- _REQUIREMENT_: With pictures left out, copy exactly every line from the one containing "Apple Macbook Pro" through the end of the material.

- _DATA BELOW_:
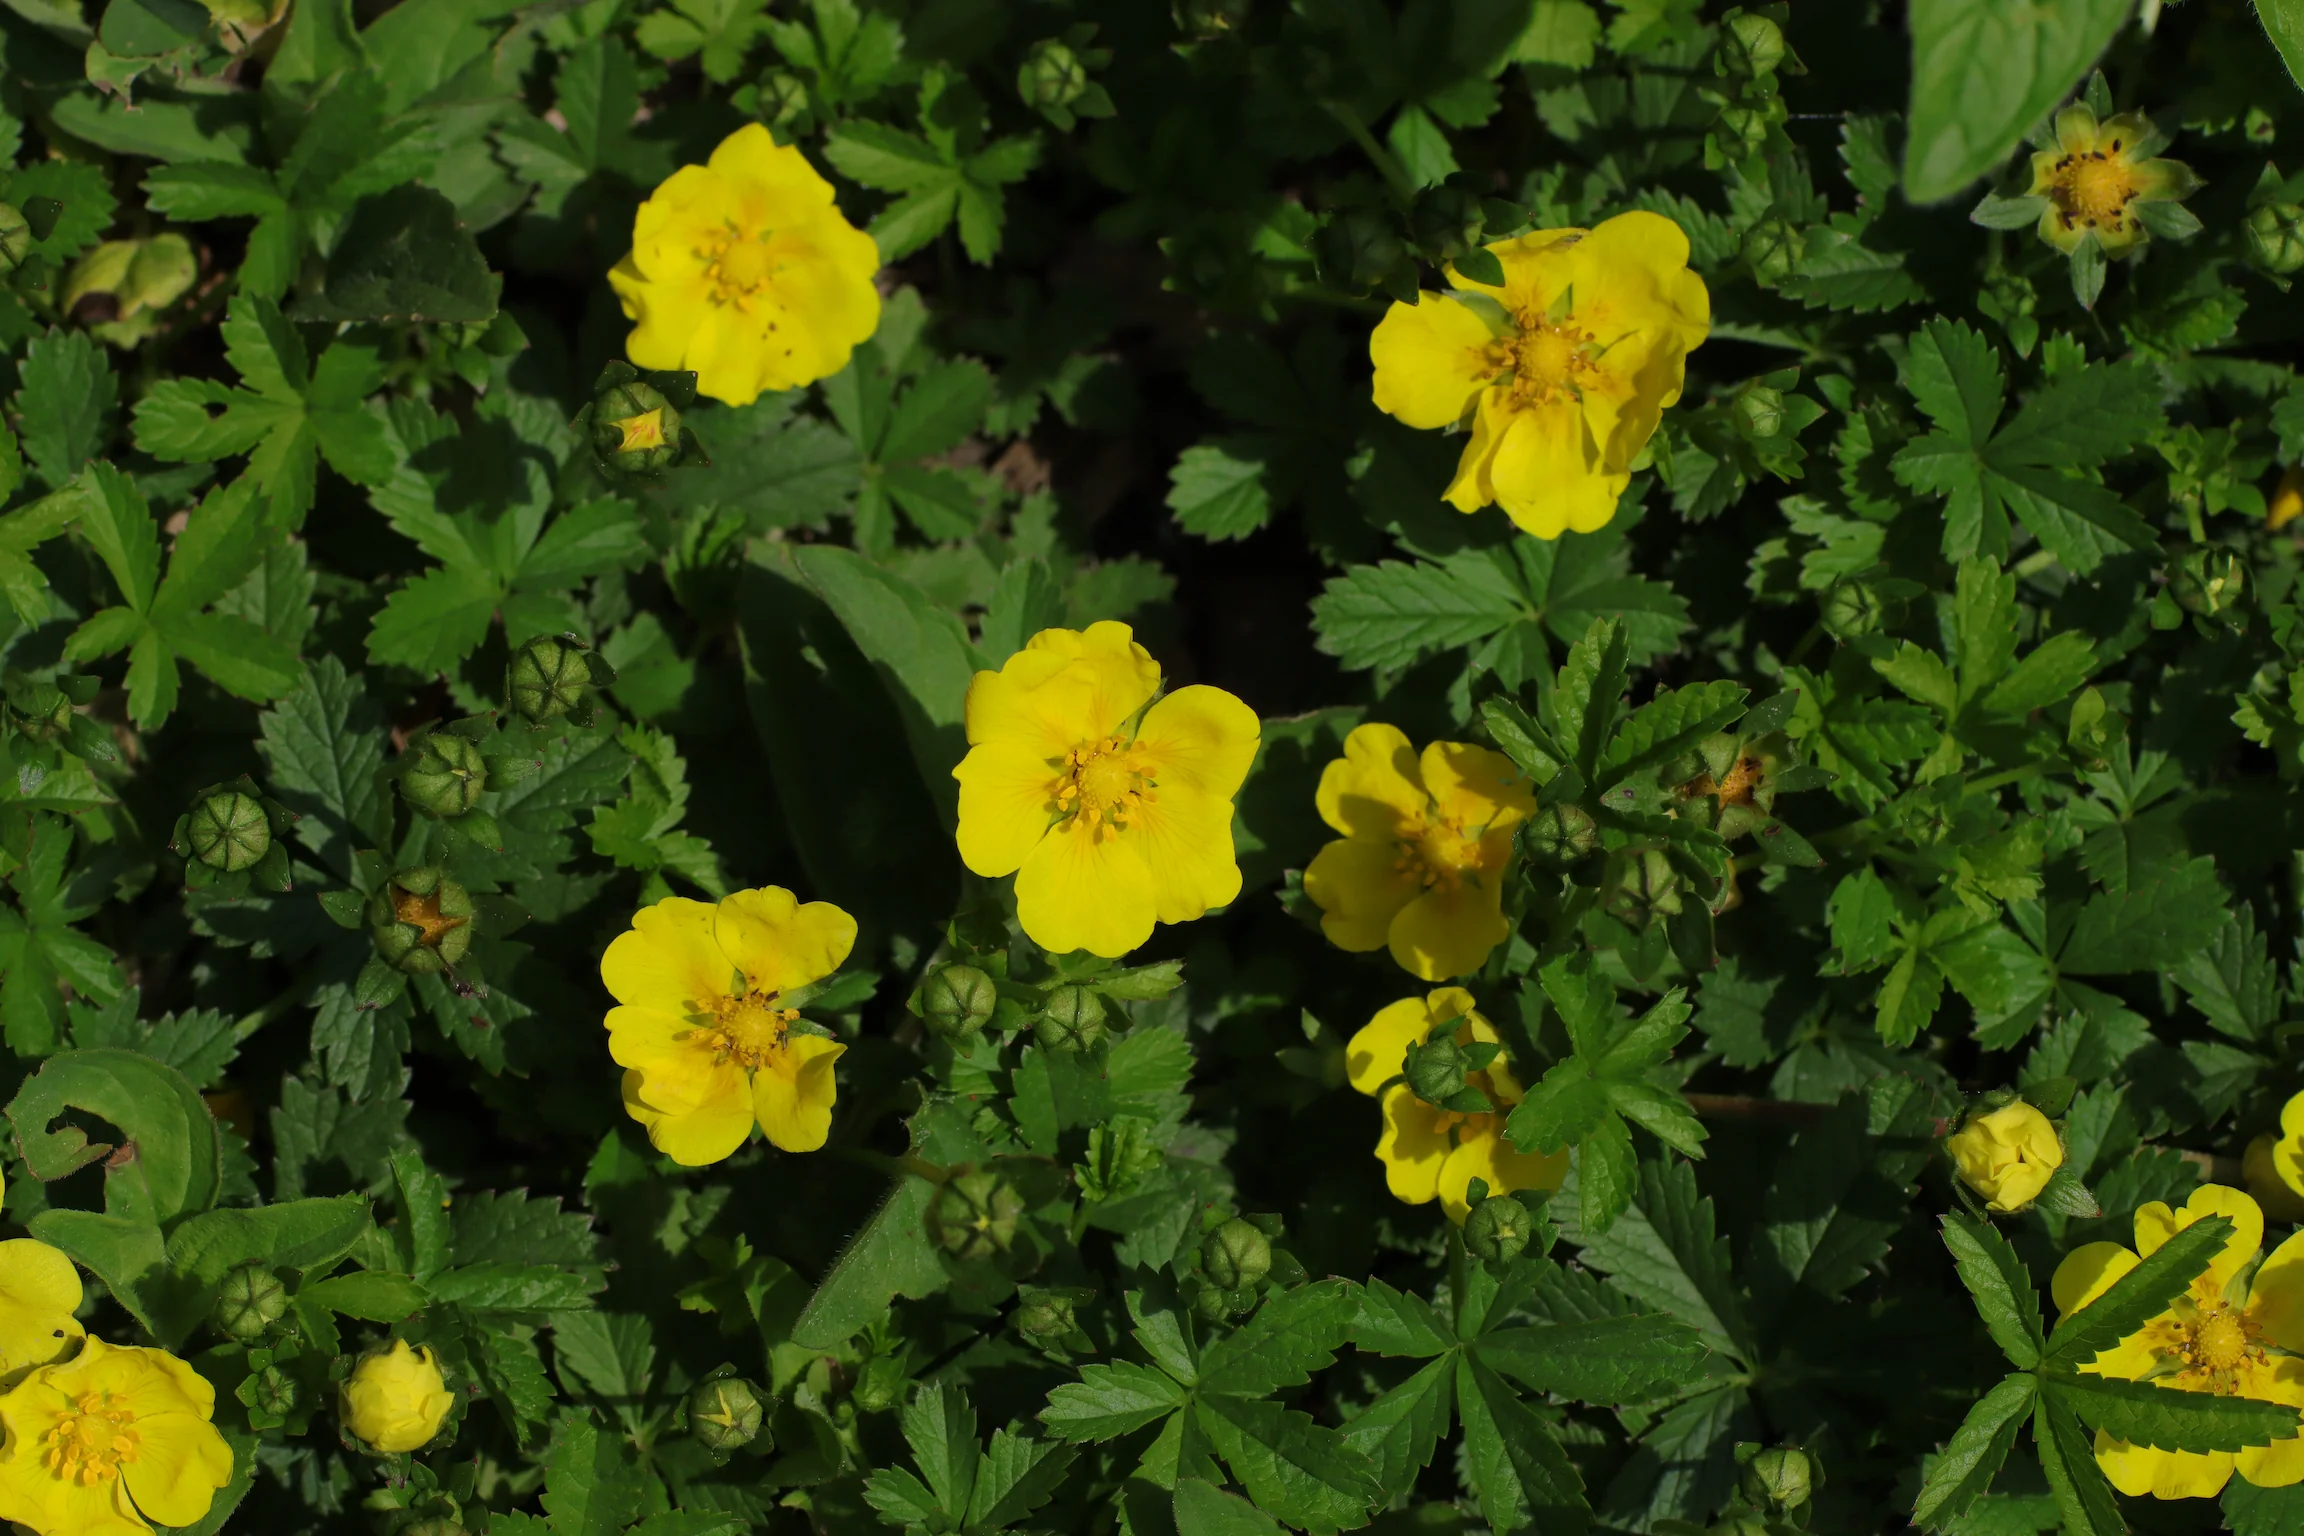 Die goldgelben Blüten sitzen zwischen den grünen, fünffiedrigen Blättern - kriechendes Fingerkraut breitet sich auf dem Boden aus.
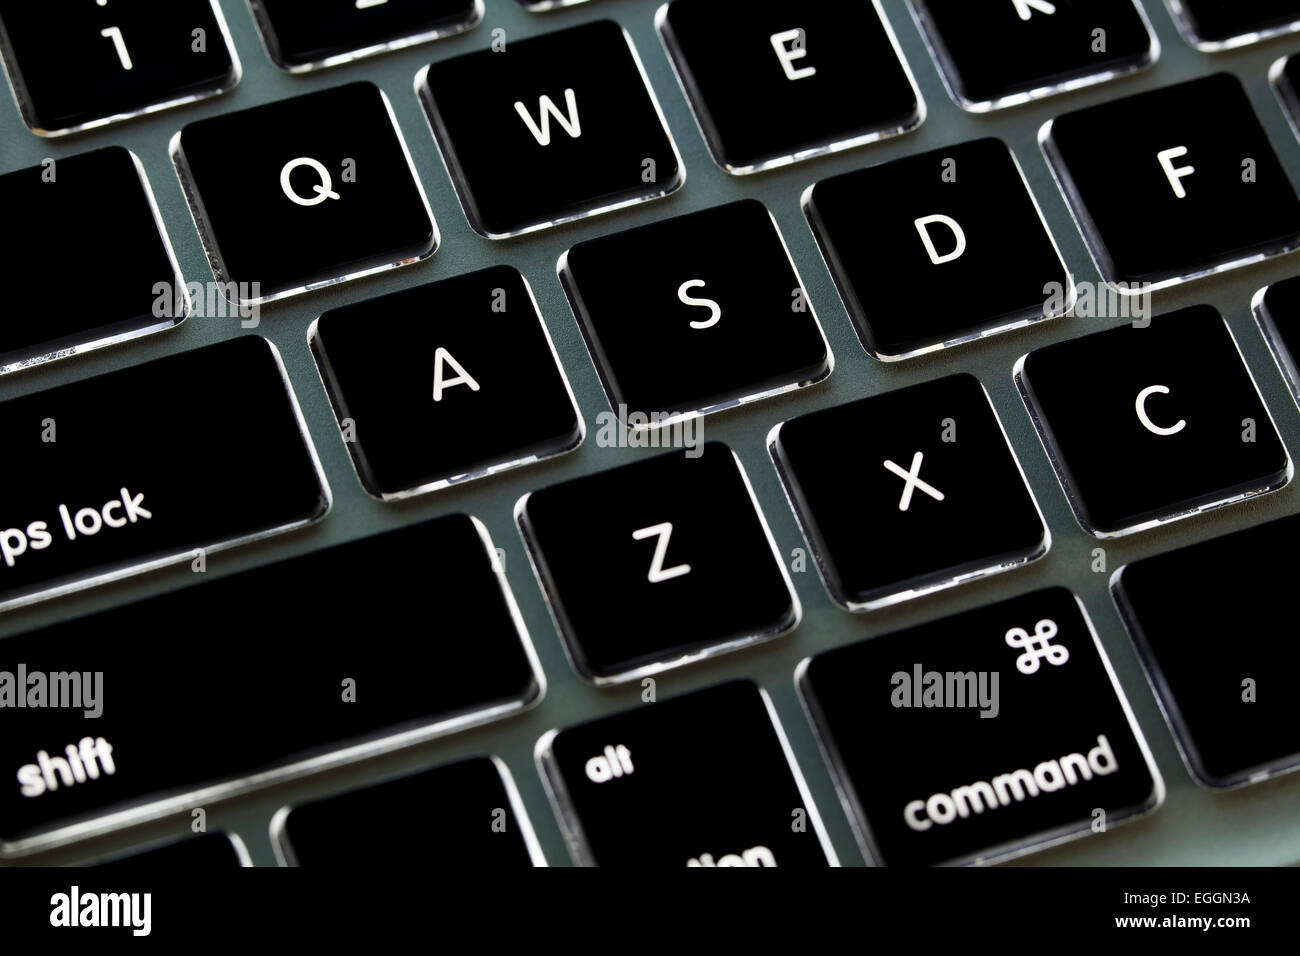 Apple Macbook Pro teclado iluminado - EE.UU Fotografía de stock - Alamy
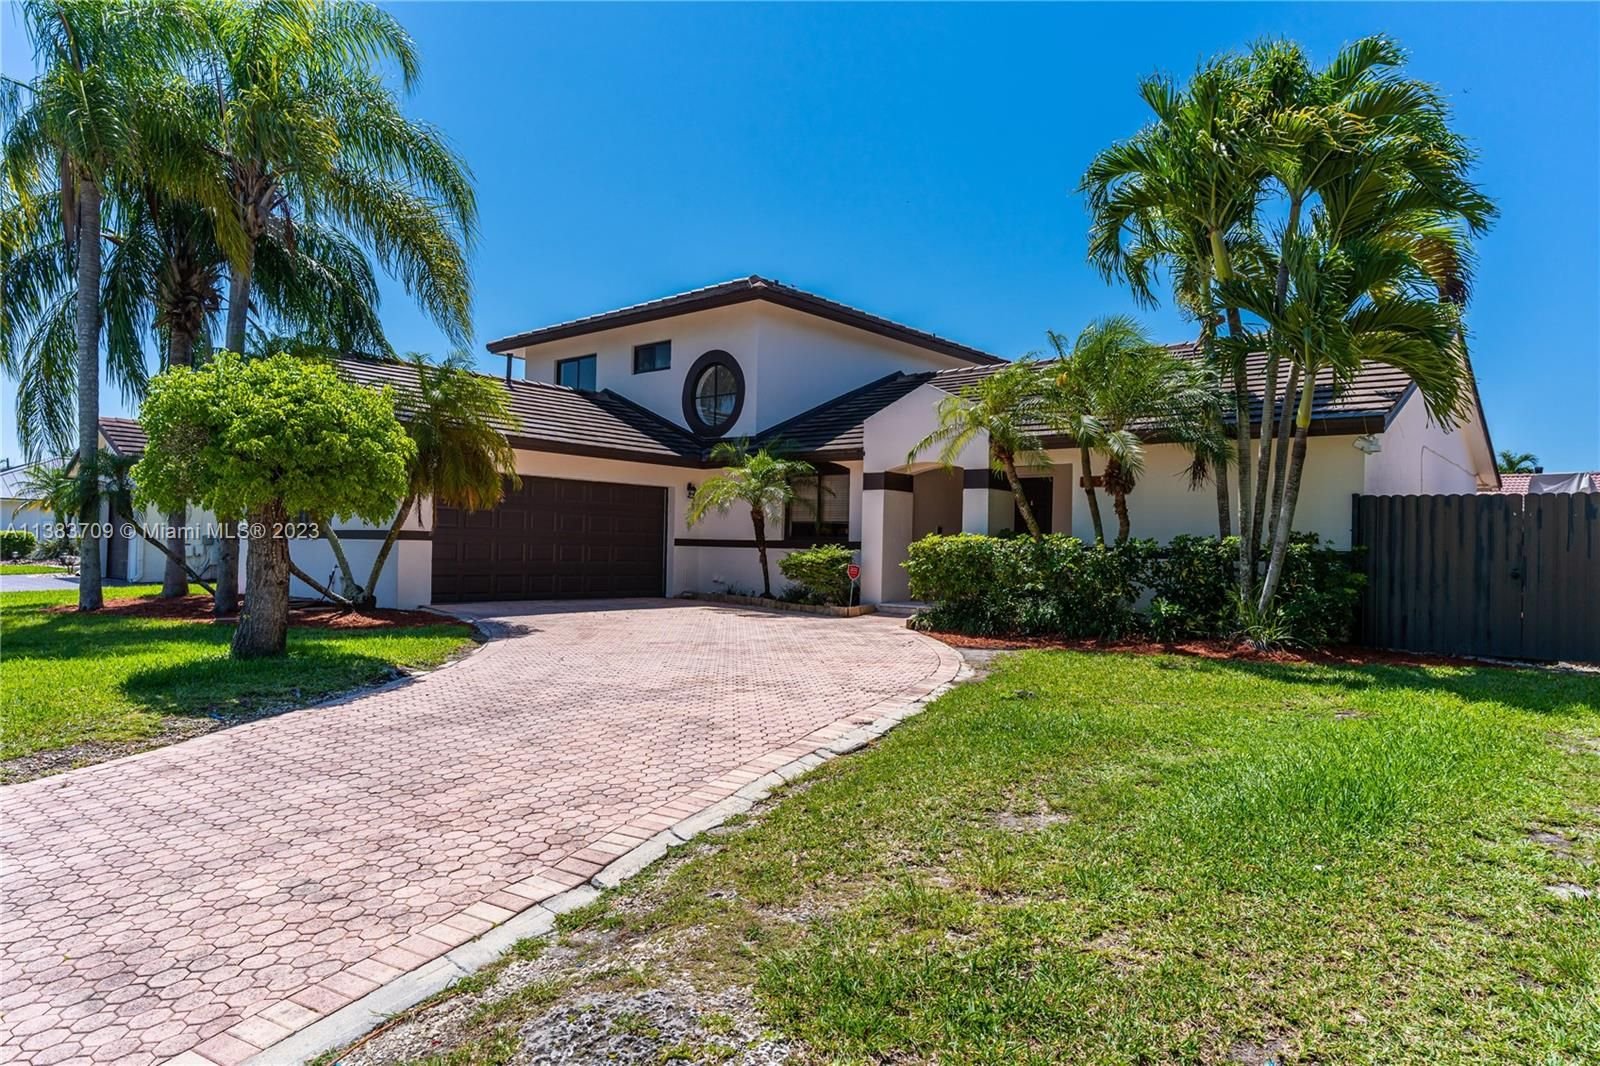 Real estate property located at 14832 169th Ln, Miami-Dade County, G B ESTATES, Miami, FL

- _SOLUTION FOR THIS TASK_:
 Apple Macbook Pro teclado iluminado - EE.UU Fotografía de stock - Alamy
 Real estate property located at 14832 169th Ln, Miami-Dade County, G B ESTATES, Miami, FL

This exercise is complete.